### TASK GOAL
The answer is to be the data that follows, transcribed exactly, minus its pictures.

### DATA EXTRACT
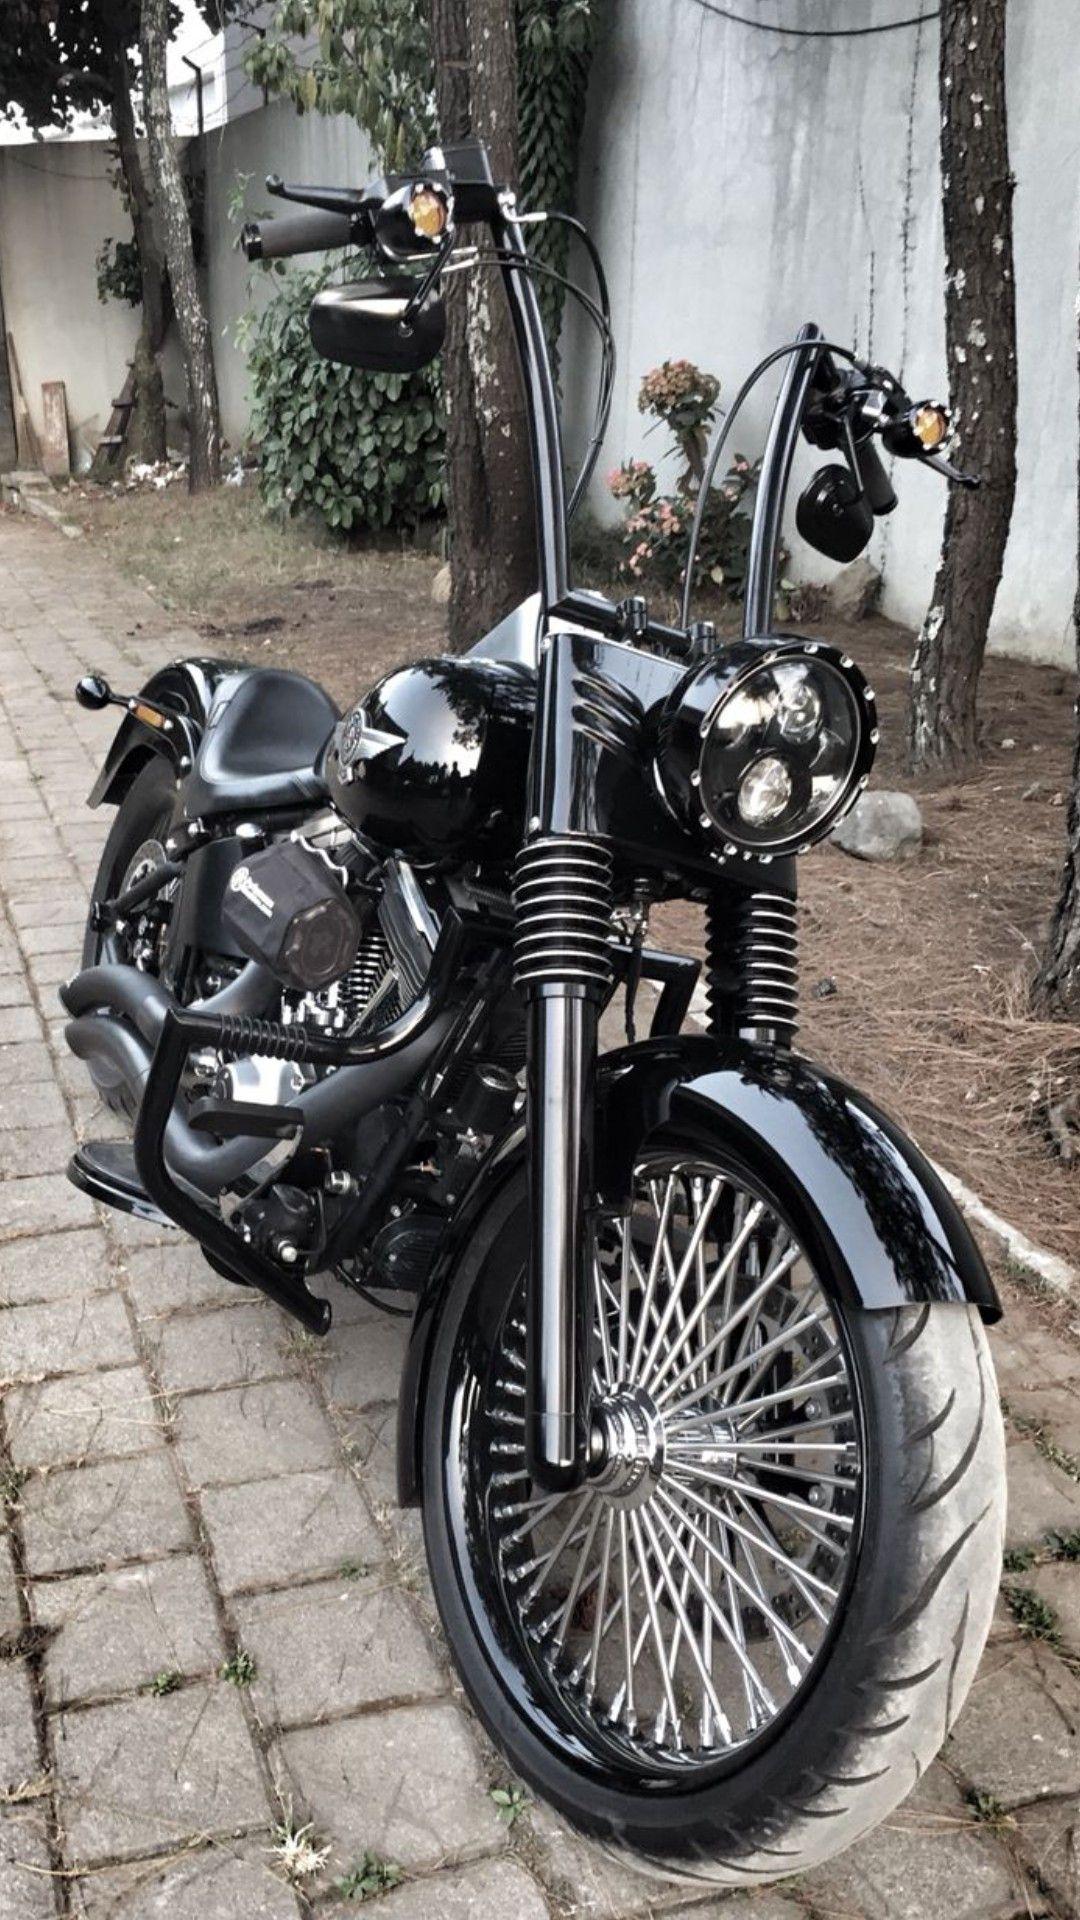 Harley Bobber Davidson Motorcycles Fatboy Custom Bikes Pictures Harleys
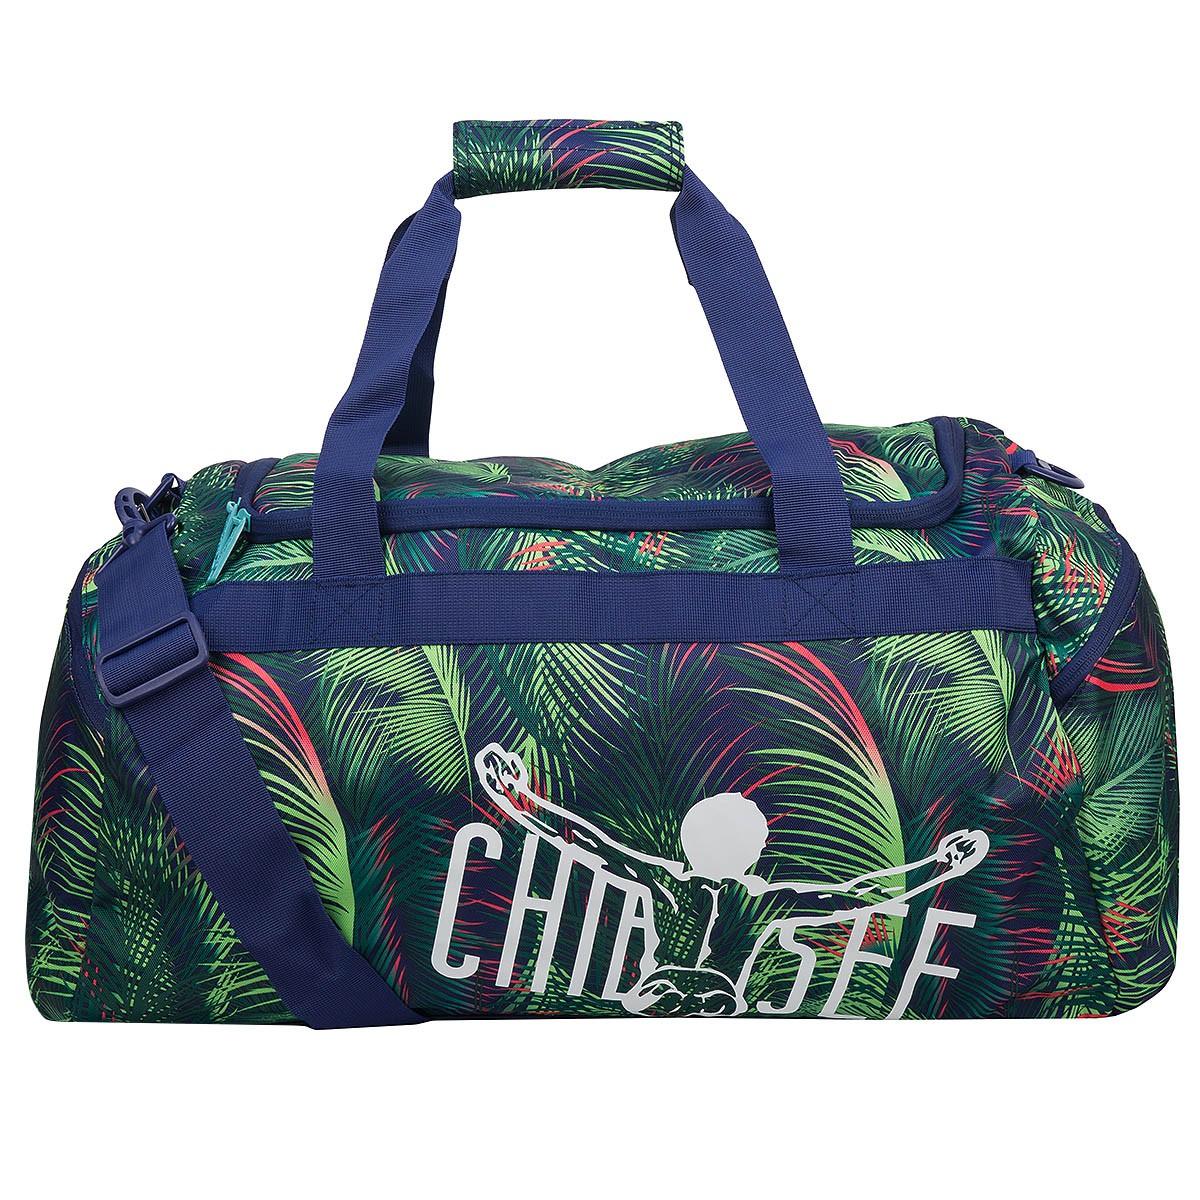 15a259a2ff432 Chiemsee Matchbag Large Reisetasche Sporttasche Weekender ...
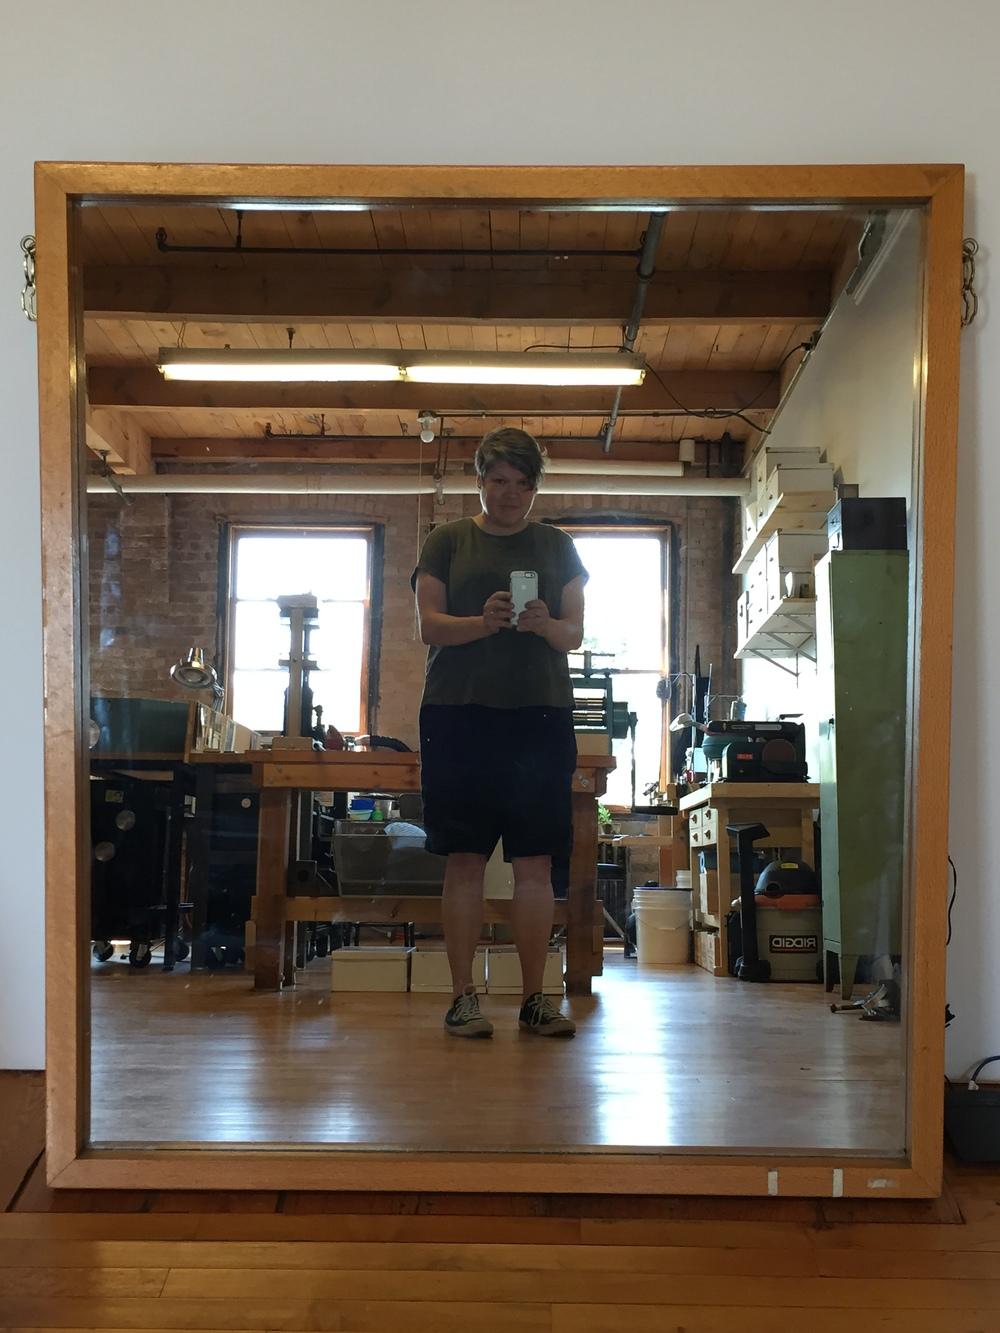 stick leg selfie
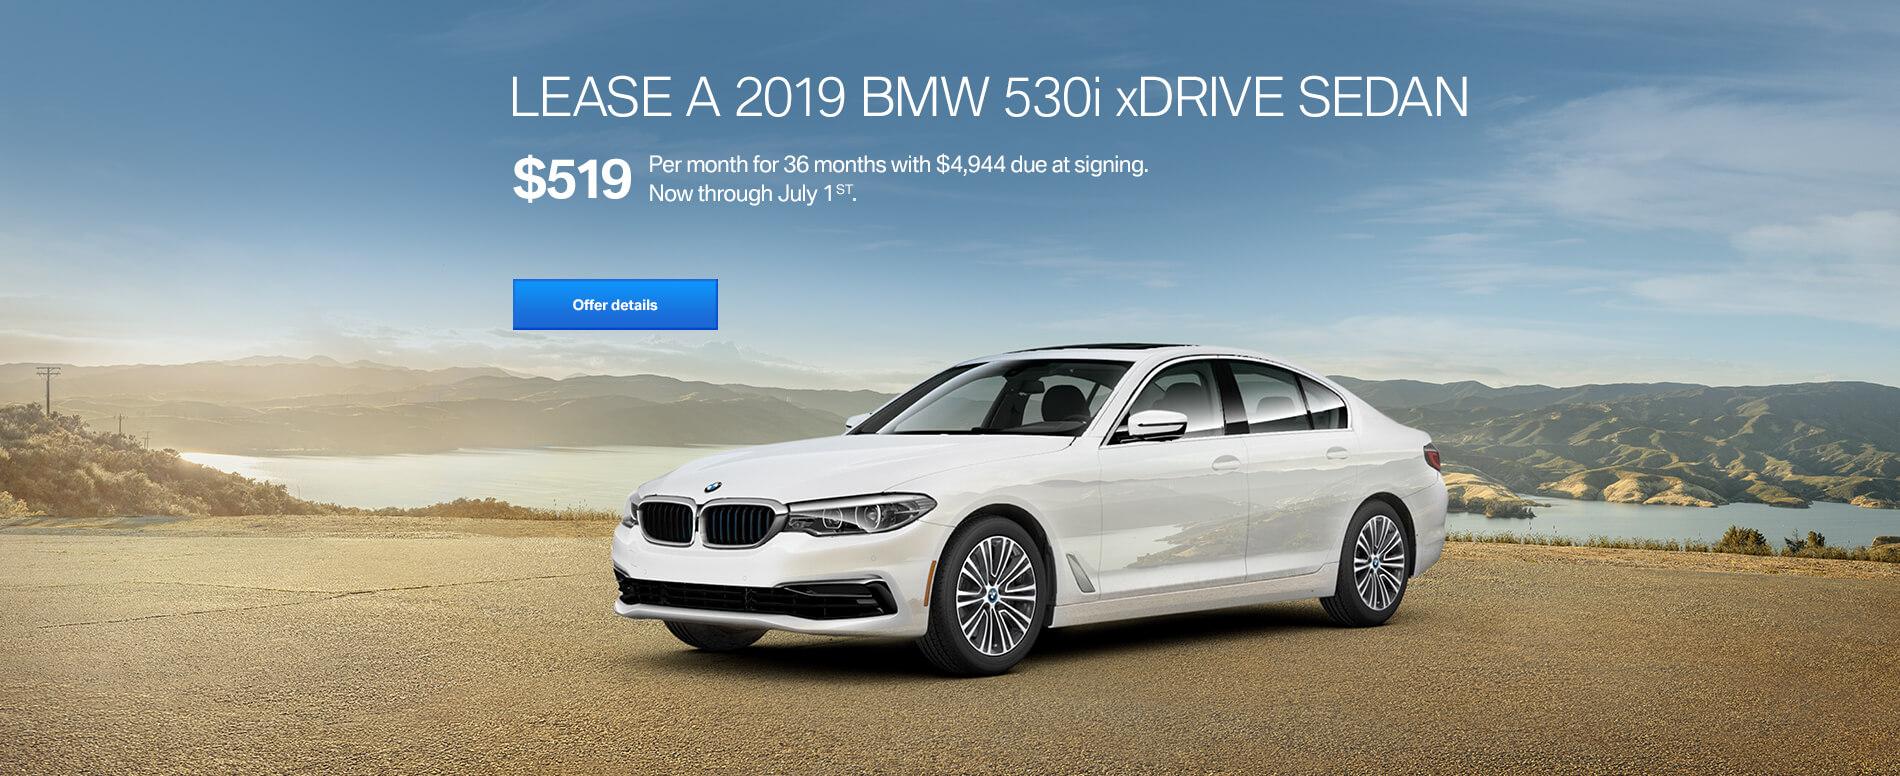 Bmw Dealership Near Me >> Bmw New Used Car Dealer Bergen County Nj New York Nyc Bmw

### OUTPUT FOR THIS EXERCISE
 Harley Bobber Davidson Motorcycles Fatboy Custom Bikes Pictures Harleys
 15a259a2ff432 Chiemsee Matchbag Large Reisetasche Sporttasche Weekender ...
 stick leg selfie
 Bmw Dealership Near Me >> Bmw New Used Car Dealer Bergen County Nj New York Nyc Bmw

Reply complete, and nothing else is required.